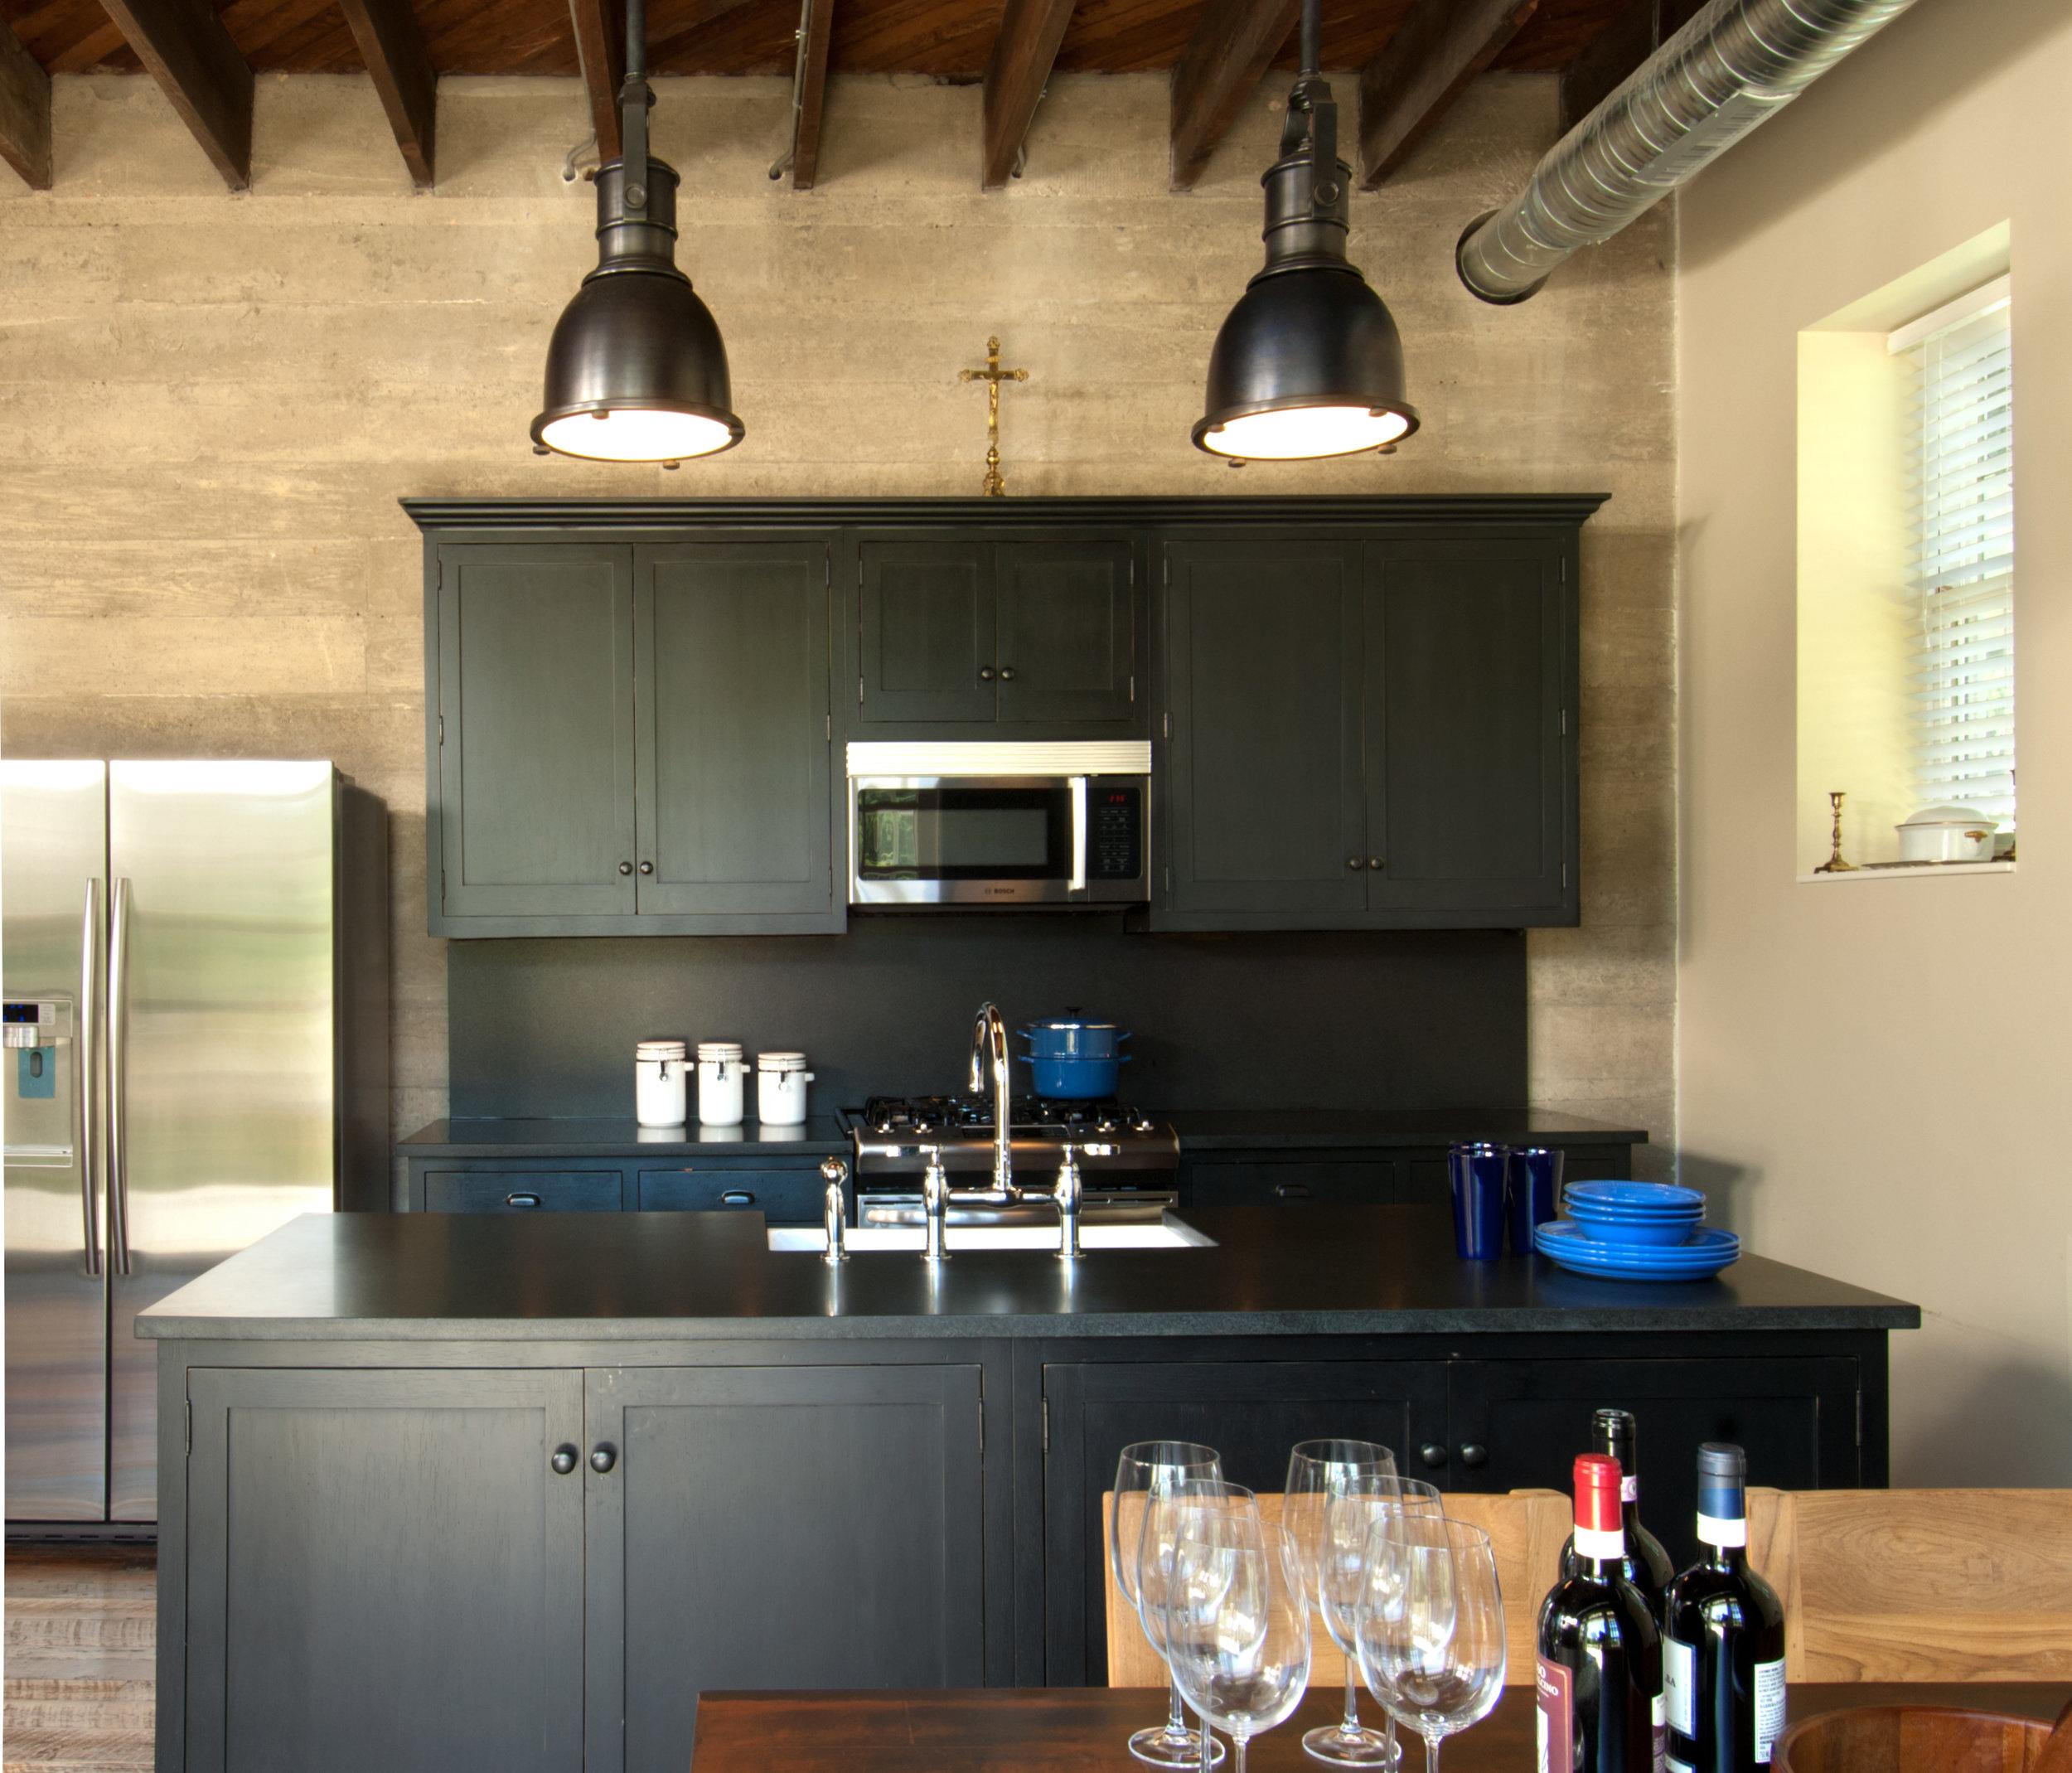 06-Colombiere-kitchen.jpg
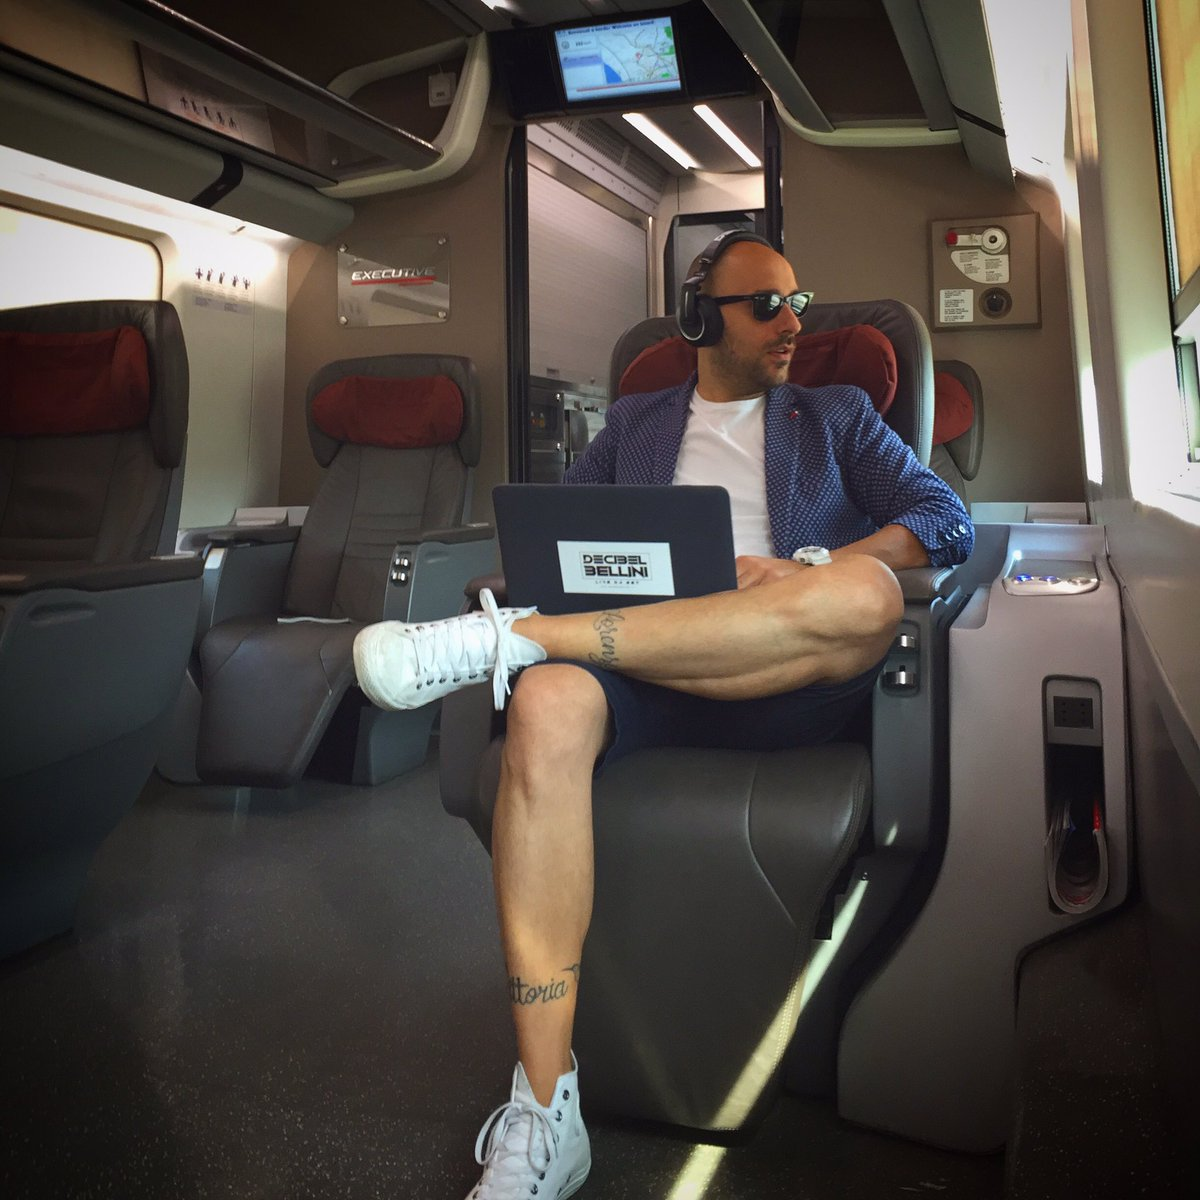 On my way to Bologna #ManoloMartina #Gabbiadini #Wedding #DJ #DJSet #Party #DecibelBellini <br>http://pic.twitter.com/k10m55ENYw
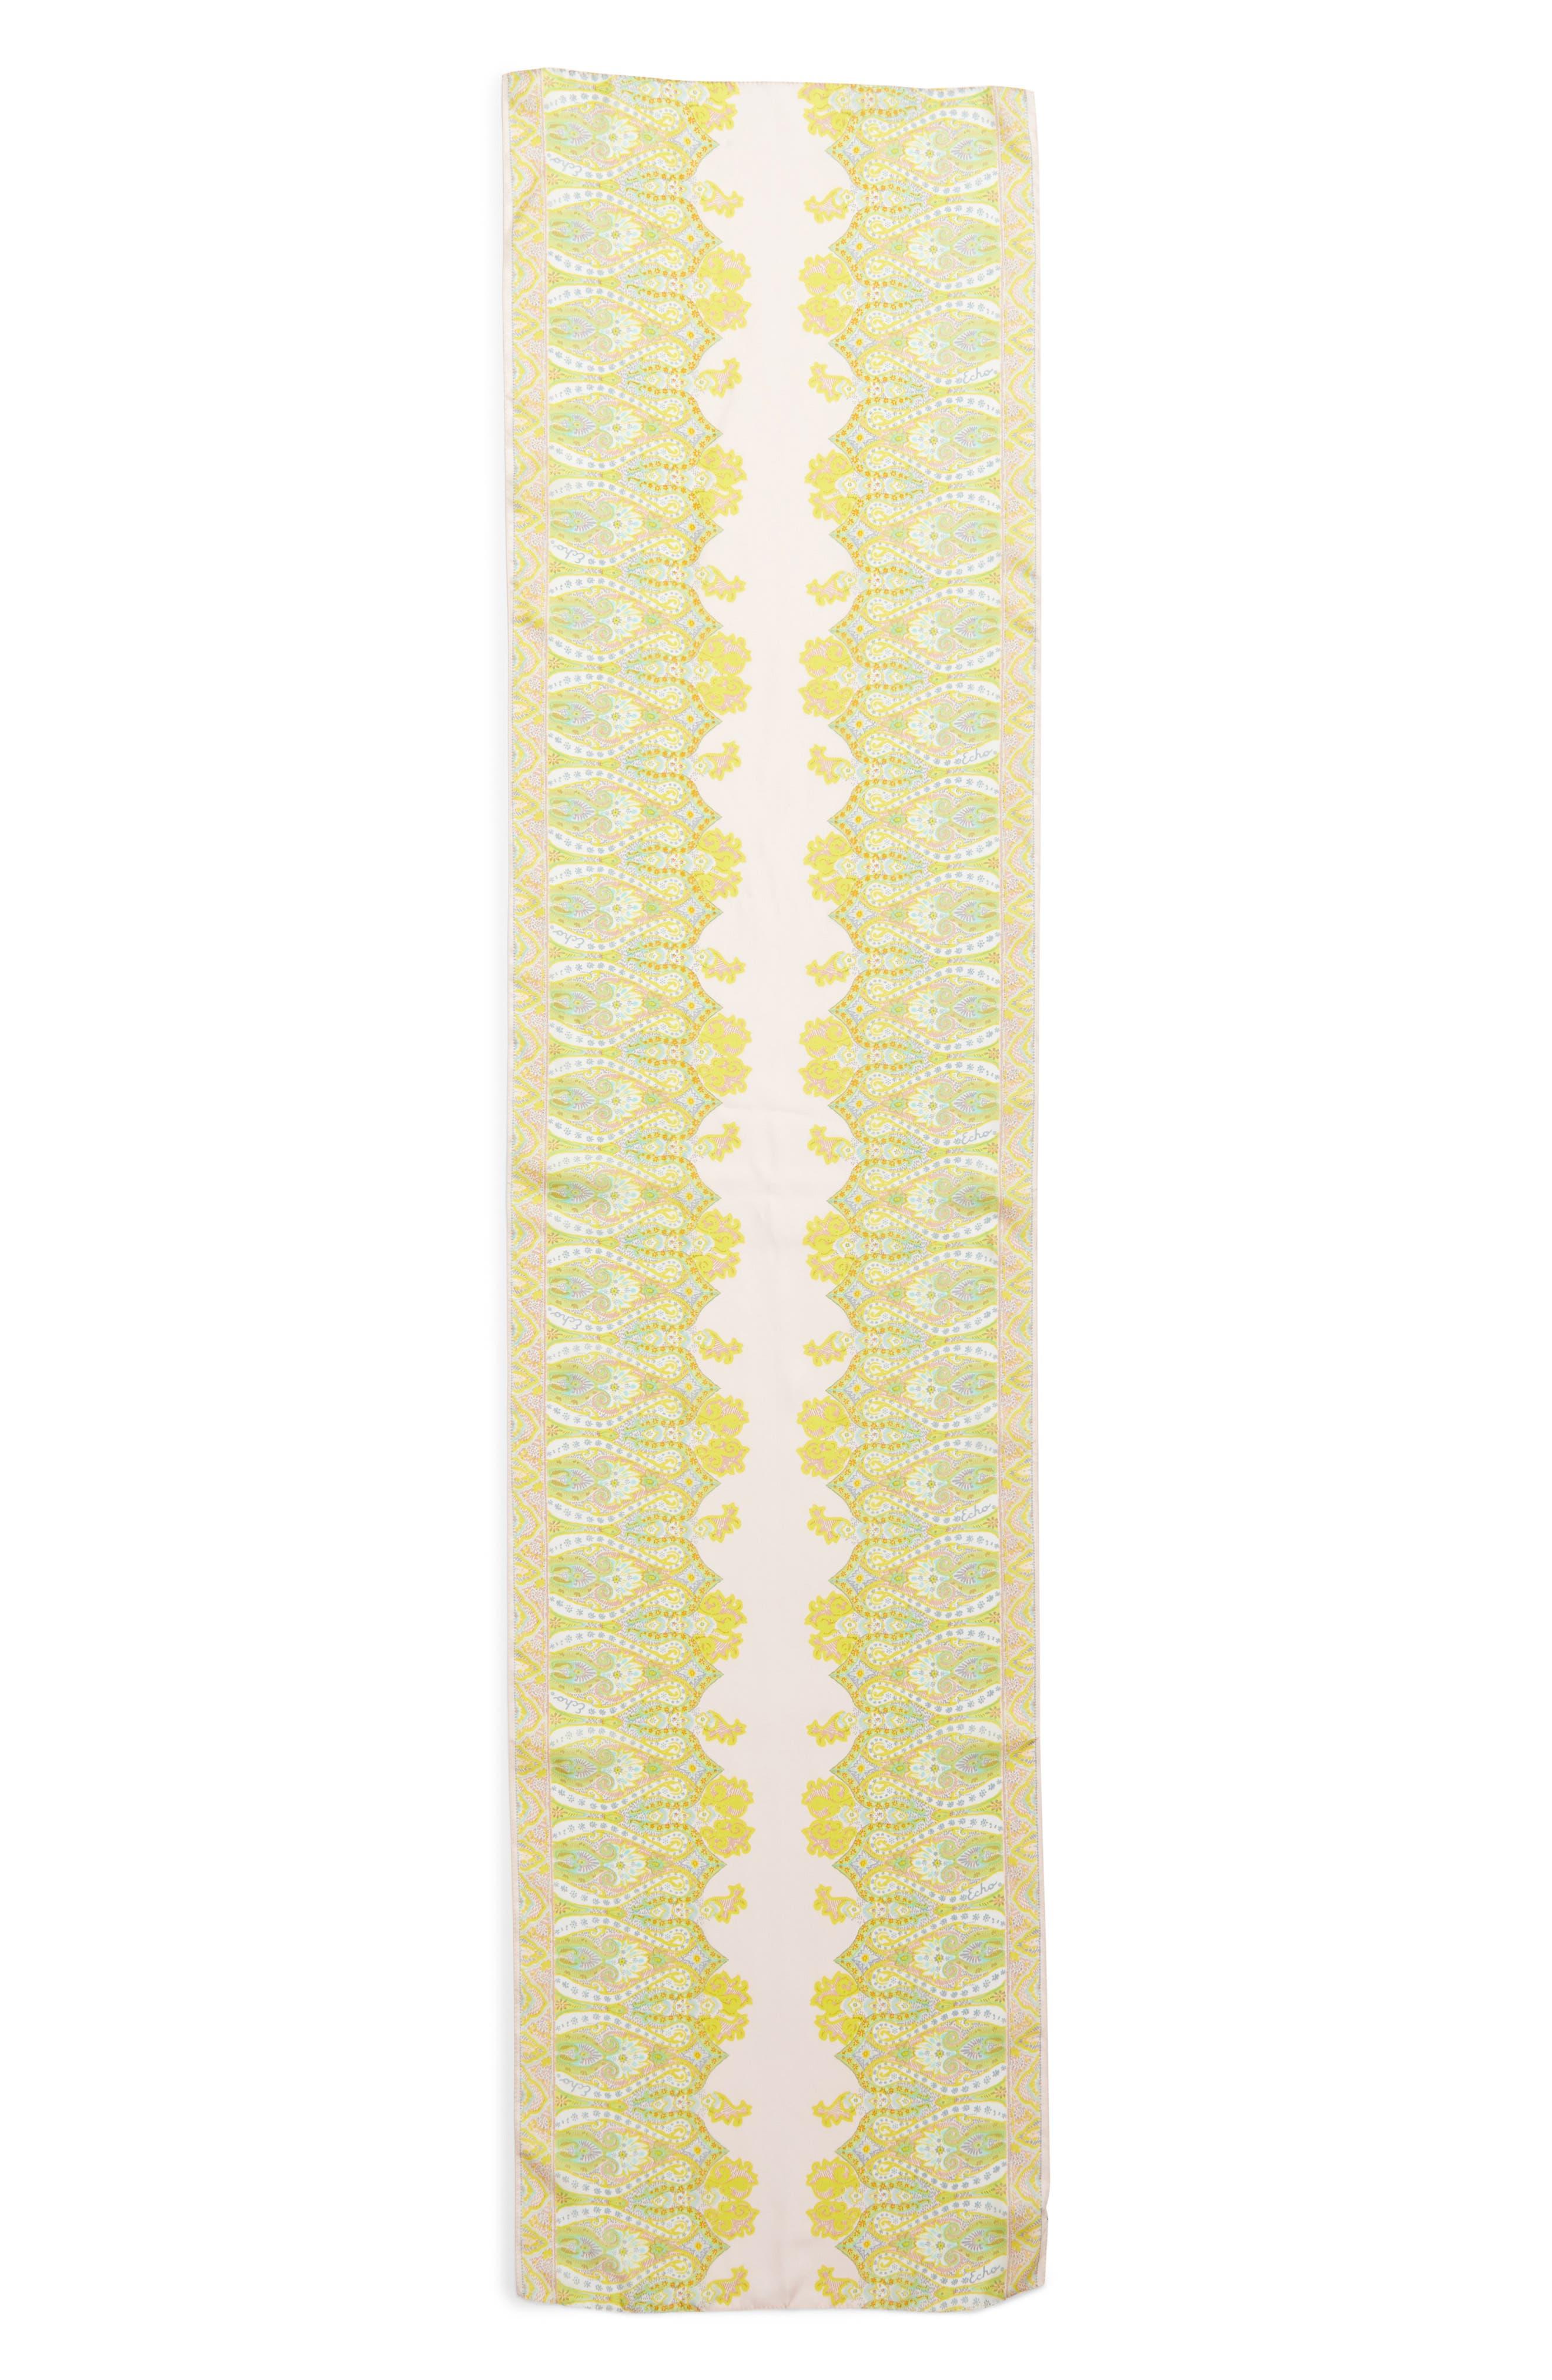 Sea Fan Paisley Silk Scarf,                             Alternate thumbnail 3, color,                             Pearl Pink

###

WHAT TO PRODUCE: Nothing but an exact copy of the data above, minus its pictures, should appear in the response.

WRITTEN REPLY:
 06-Colombiere-kitchen.jpg
 On my way to Bologna #ManoloMartina #Gabbiadini #Wedding #DJ #DJSet #Party #DecibelBellini <br>http://pic.twitter.com/k10m55ENYw
 Sea Fan Paisley Silk Scarf,                             Alternate thumbnail 3, color,                             Pearl Pink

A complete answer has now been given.